While a relative uptick in pro-abortion voter engagement could be expected in reaction to Dobbs, the dominant narrative errs in seeing this as evidence of a permanent majority for unrestricted abortion access. A more plausible, and more direct, driver of the admittedly good election cycle for abortion rights can be found in the fact that the Democratic Party and their pro-abortion allies unleashed an unprecedented political and marketing offensive ahead of the midterms to drive opinion, one that was unmatched by any even remotely comparable effort on the Republican side in favor of life. Moreover, the Republican “pro-life” position had become in many cases reduced to little more than an attack on Roe v. Wade as bad constitutional law, illegitimately taking the issue of abortion out of the democratic process. While this was undoubtedly a valid attack, excessive reliance on this argument, and reticence or inability to talk effectively about the moral evil of abortion, left many political campaigns ill-prepared for the victory represented by the overruling of Roe. The good news for the pro-life community is that these elections do not have to portend the future that the commentariat would suggest. They rather show that Democrats were very effective at doing two things in the July through November time frame: (1) quickly mobilizing a powerful public relations blitz on abortion, far outspending and out-strategizing Republicans on the issue, and (2) miscasting Dobbs as dangerous judicial activism (rather than the correction of dangerous judicial activism that it was). There is nothing permanent or persuasive about these victories. They do, however, offer a couple of very important lessons for the pro-life side that should be internalized and acted on for the struggle ahead.

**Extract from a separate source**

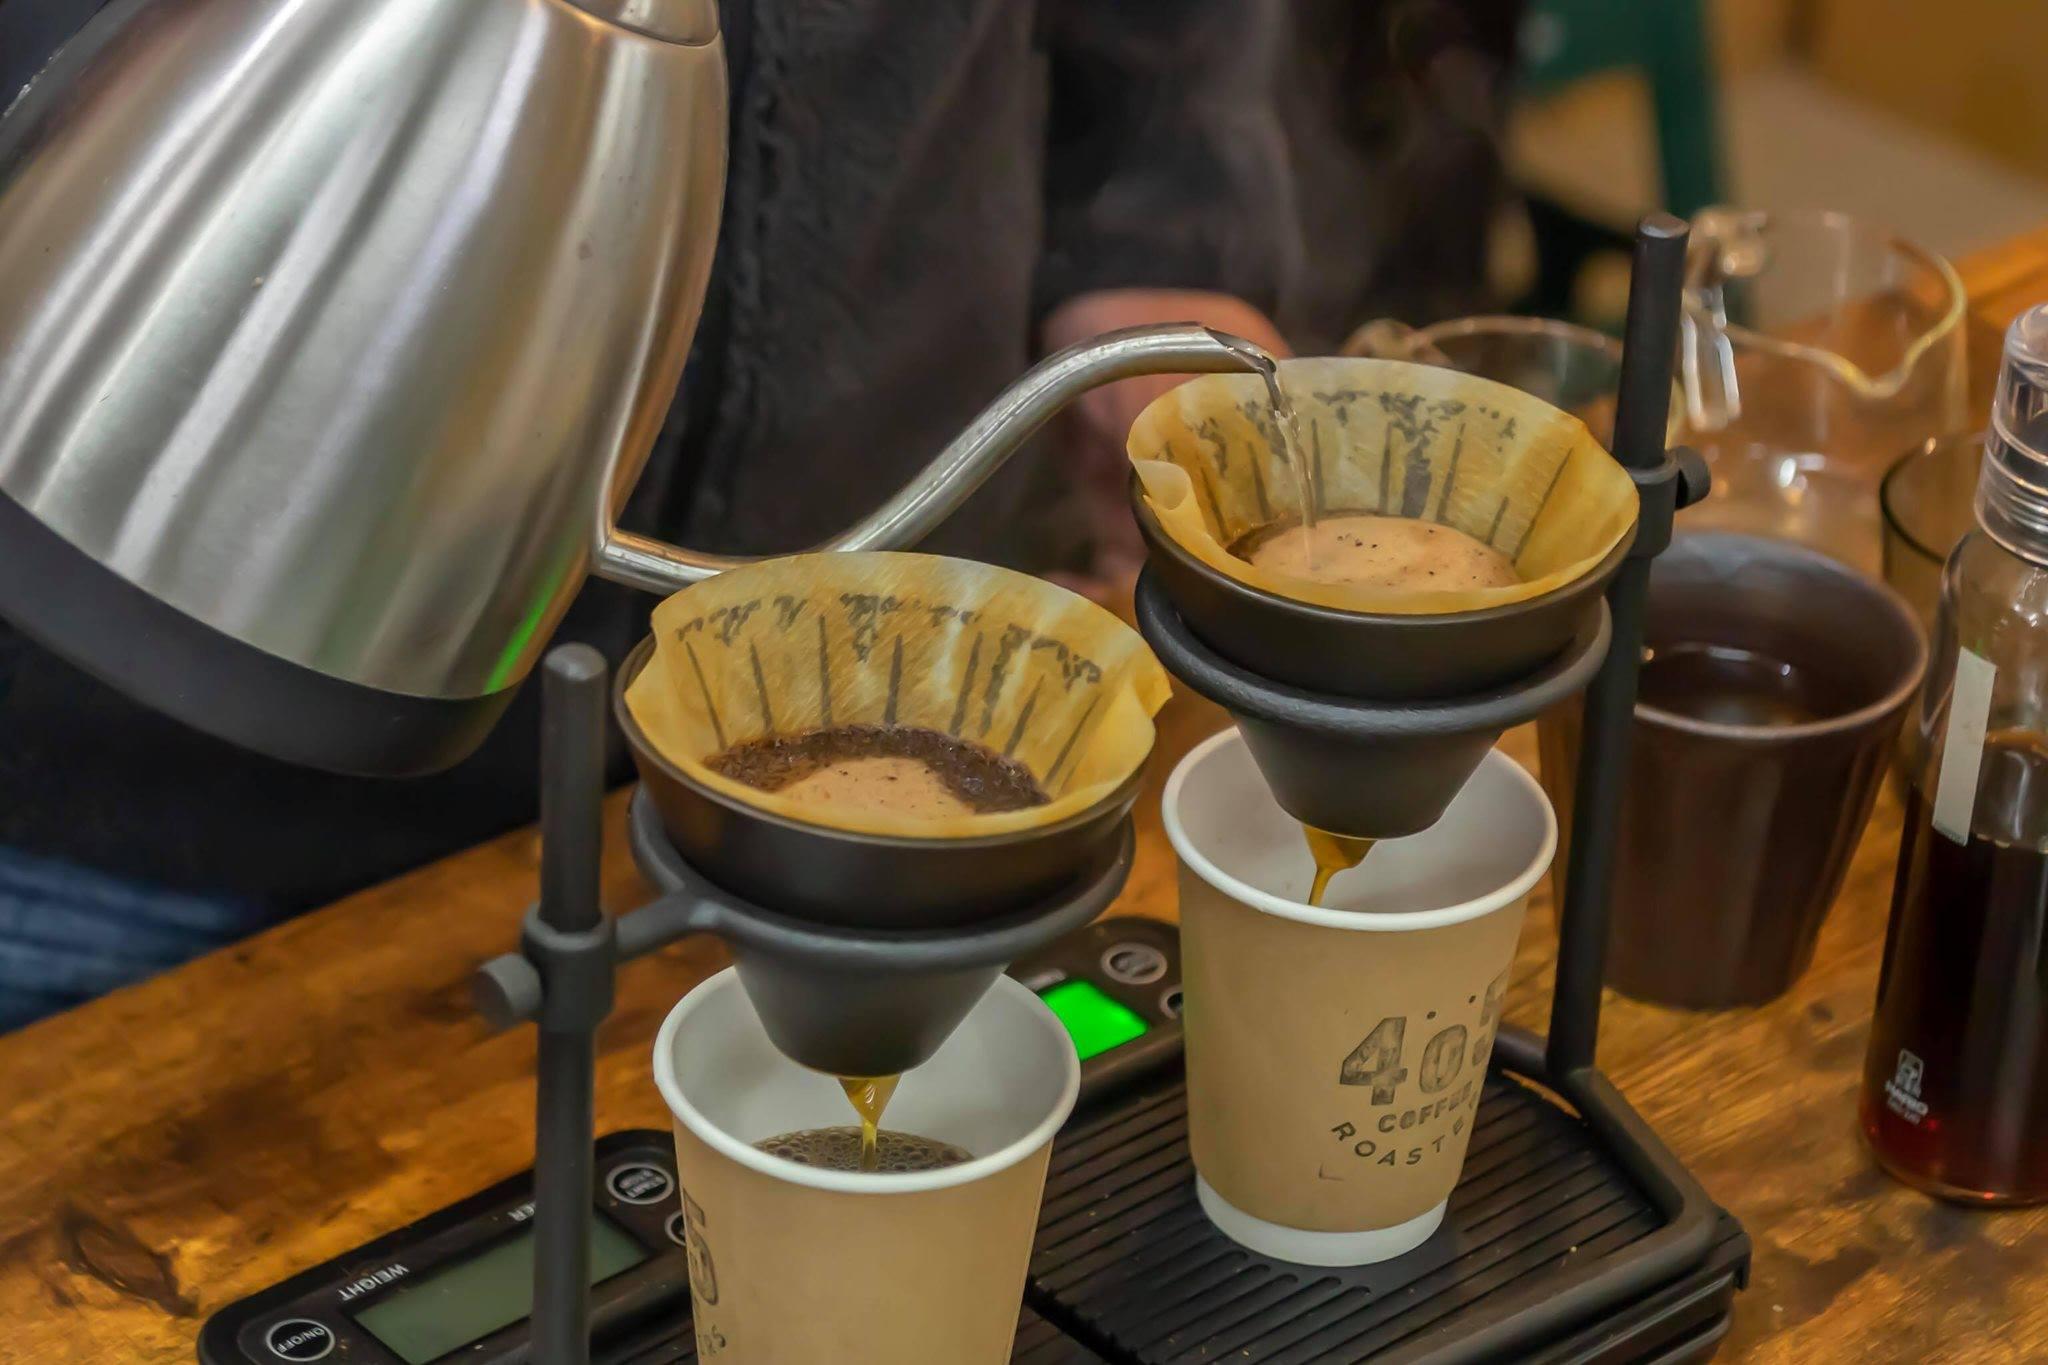 405 COFFEE ROASTERS: 西区の藤棚商店街にあるコーヒーロースター。スペシャルティのシングルオリジンとオリジナルブレンドを幅広く取り揃えています。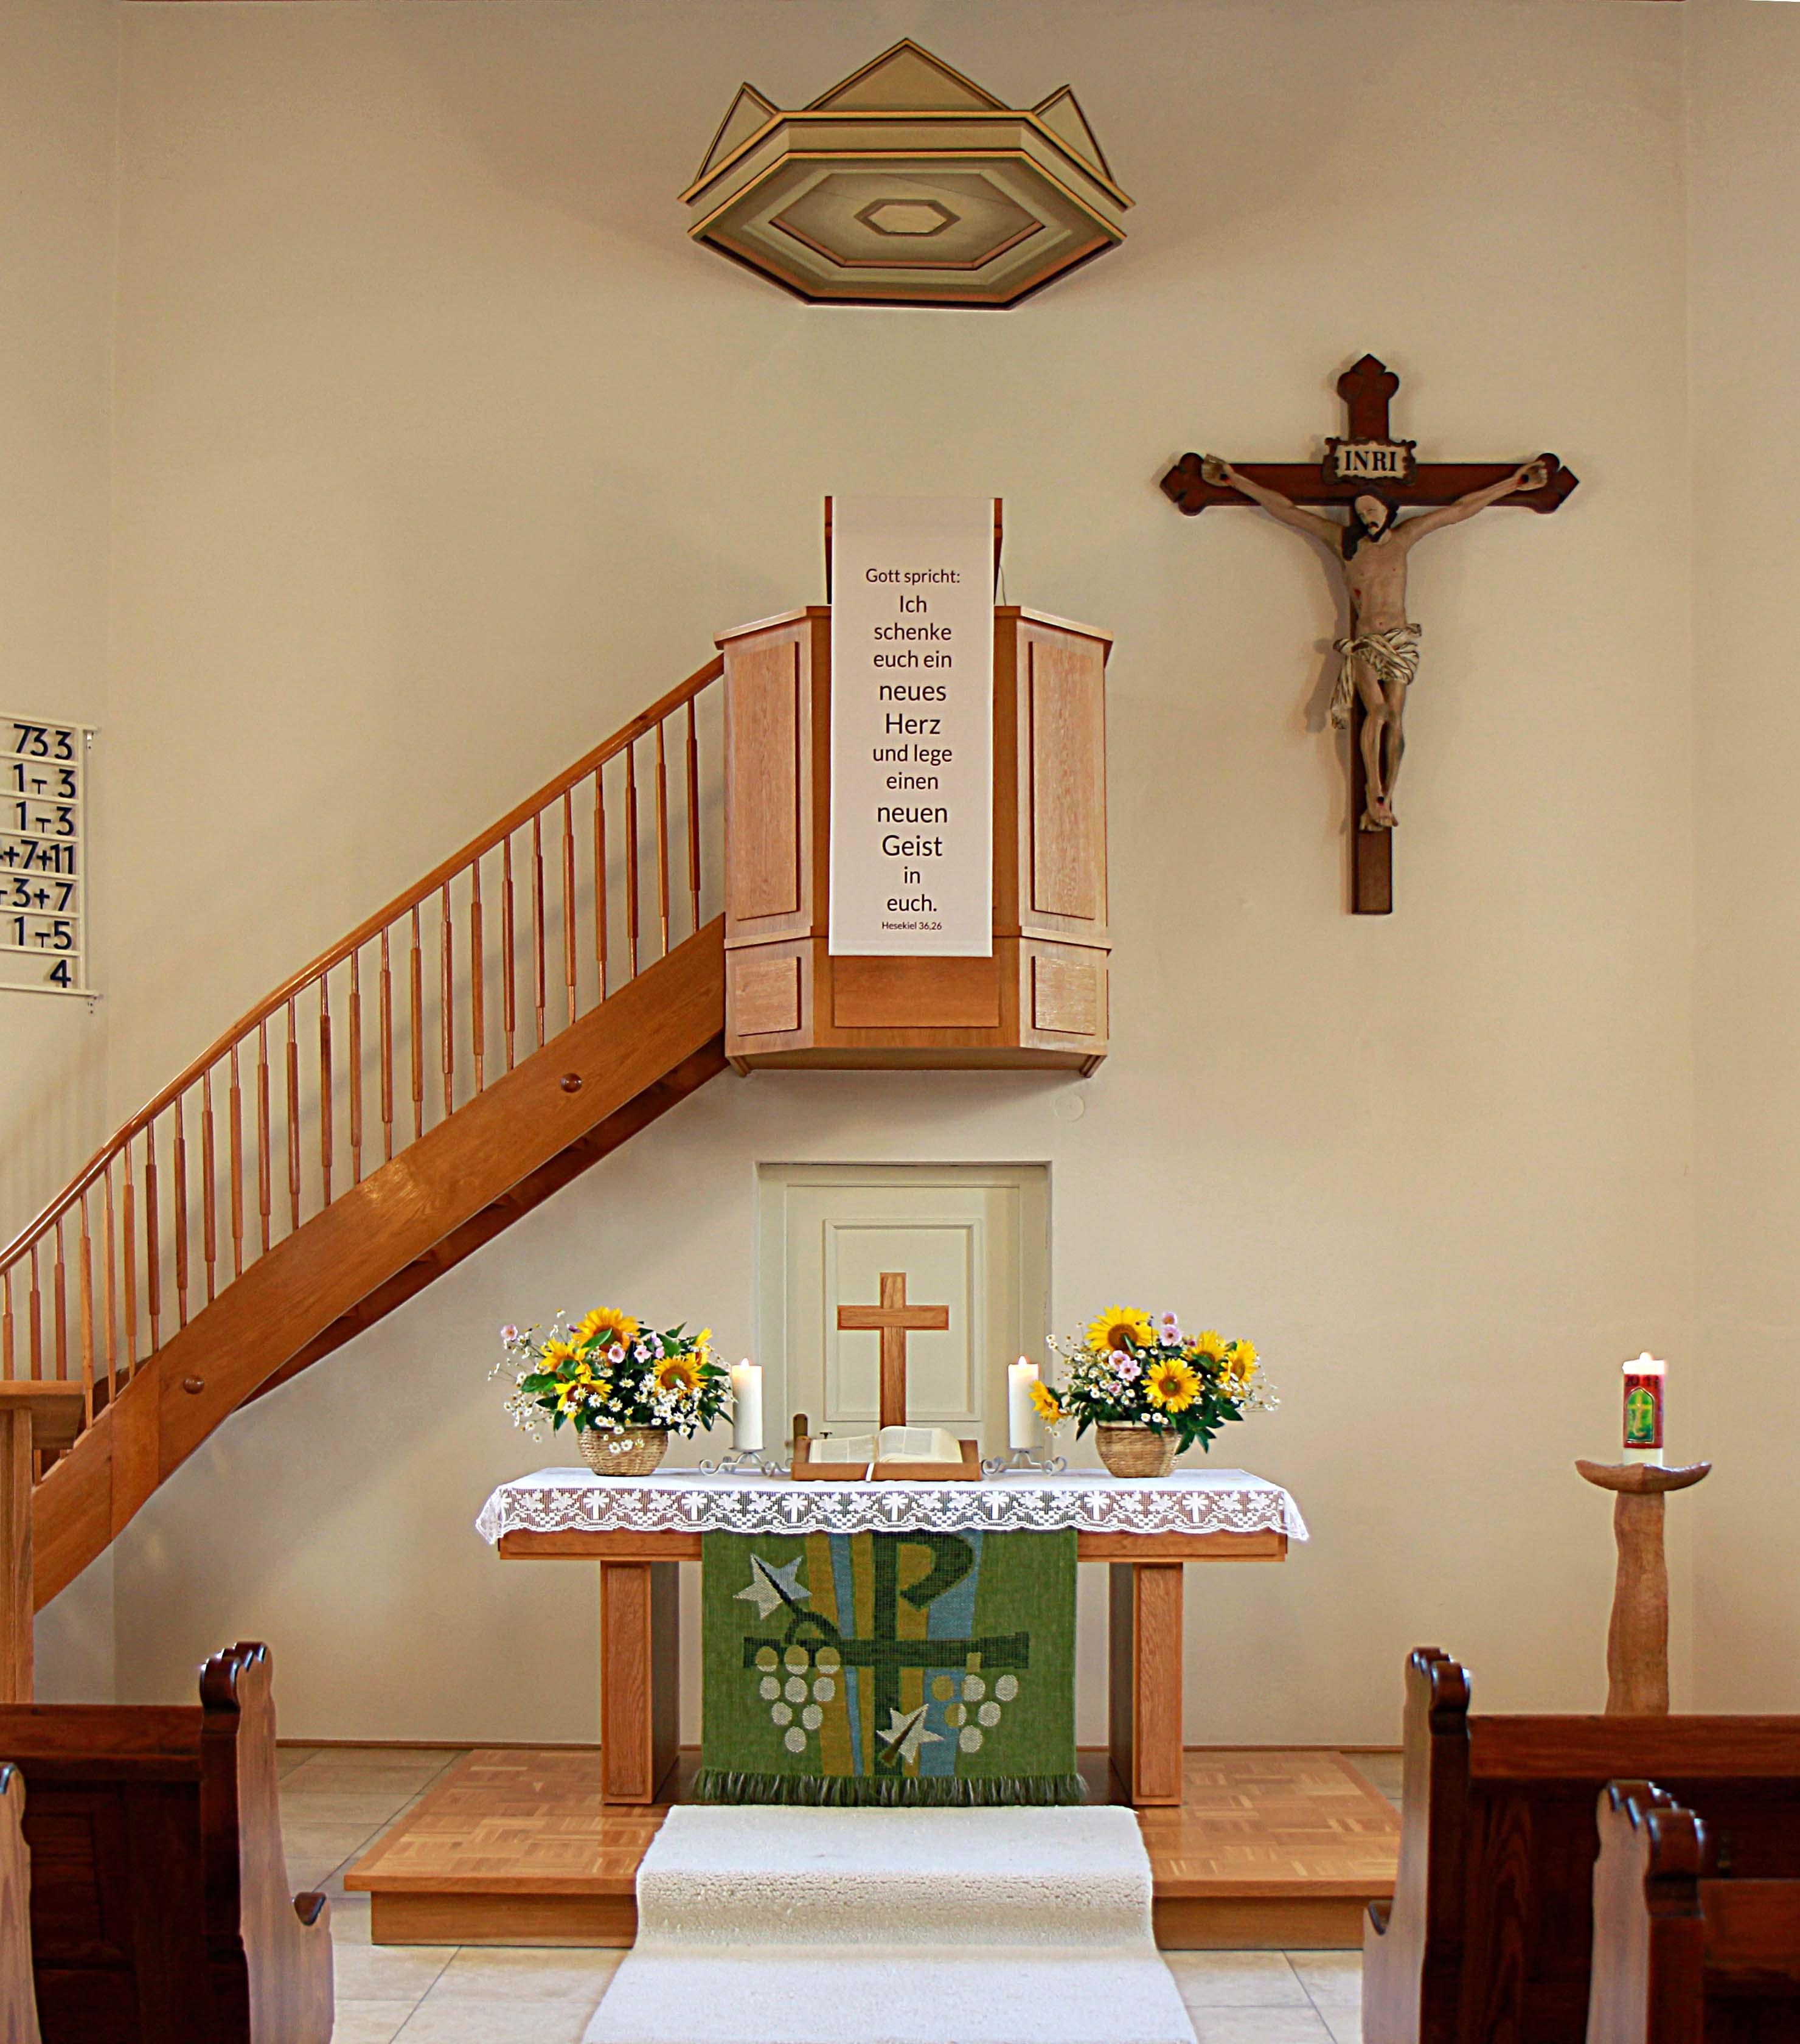 Innenraum der evangelischen Kirchengemeinde Zang

I: The Pro-Life Community Must Focus Its Alliances on Politicians Willing and Able to Articulate the Moral Evil of Abortion (Not Just the Judicial Usurpation of Roe)
For fifty years there has been a wonderful marriage of convenience between the pro-life movement and jurisprudential conservatives. When a huge constitutional monstrosity like Roe both usurps the democratic legislative process and produces the substantive result of unrestricted abortion access, it is natural and fitting that pro-life advocates and jurisprudential conservatives would unite against a common enemy. Anyone who sees abortion as the taking of innocent human life, yet is prevented from achieving any true measure of legislative protection for this life because of Roe’s judicial usurpation, will understandably sign on to the judicial conservative’s project, grounded in originalism, of restoring the proper judicial deference to the legislative sphere by repudiating Roe. Without achieving Roe’s demise, after all, any political advocacy on behalf of the unborn would be in vain. There are, to be sure, many simultaneous adherents of both camps. However, it must be understood that Roe can be opposed because it is bad constitutional law, and it can be opposed because it leads to an evil result, and these are two different bases. Many may have opposed Roe on both bases, but many may have opposed Roe more, maybe much more, on one rather than the other.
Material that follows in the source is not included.